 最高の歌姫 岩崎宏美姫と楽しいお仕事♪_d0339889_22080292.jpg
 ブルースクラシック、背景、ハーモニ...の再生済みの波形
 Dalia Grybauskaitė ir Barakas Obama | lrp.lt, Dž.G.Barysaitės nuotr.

* * *

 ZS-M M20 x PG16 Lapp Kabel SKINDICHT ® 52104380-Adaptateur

Exercise directions: The required answer is the exact run of lines above starting at the line with "最高の歌姫 岩崎宏美姫と楽し" and ending at the line with "Dalia Grybauskaitė ir", with both ends present.

Reply:
 最高の歌姫 岩崎宏美姫と楽しいお仕事♪_d0339889_22080292.jpg
 ブルースクラシック、背景、ハーモニ...の再生済みの波形
 Dalia Grybauskaitė ir Barakas Obama | lrp.lt, Dž.G.Barysaitės nuotr.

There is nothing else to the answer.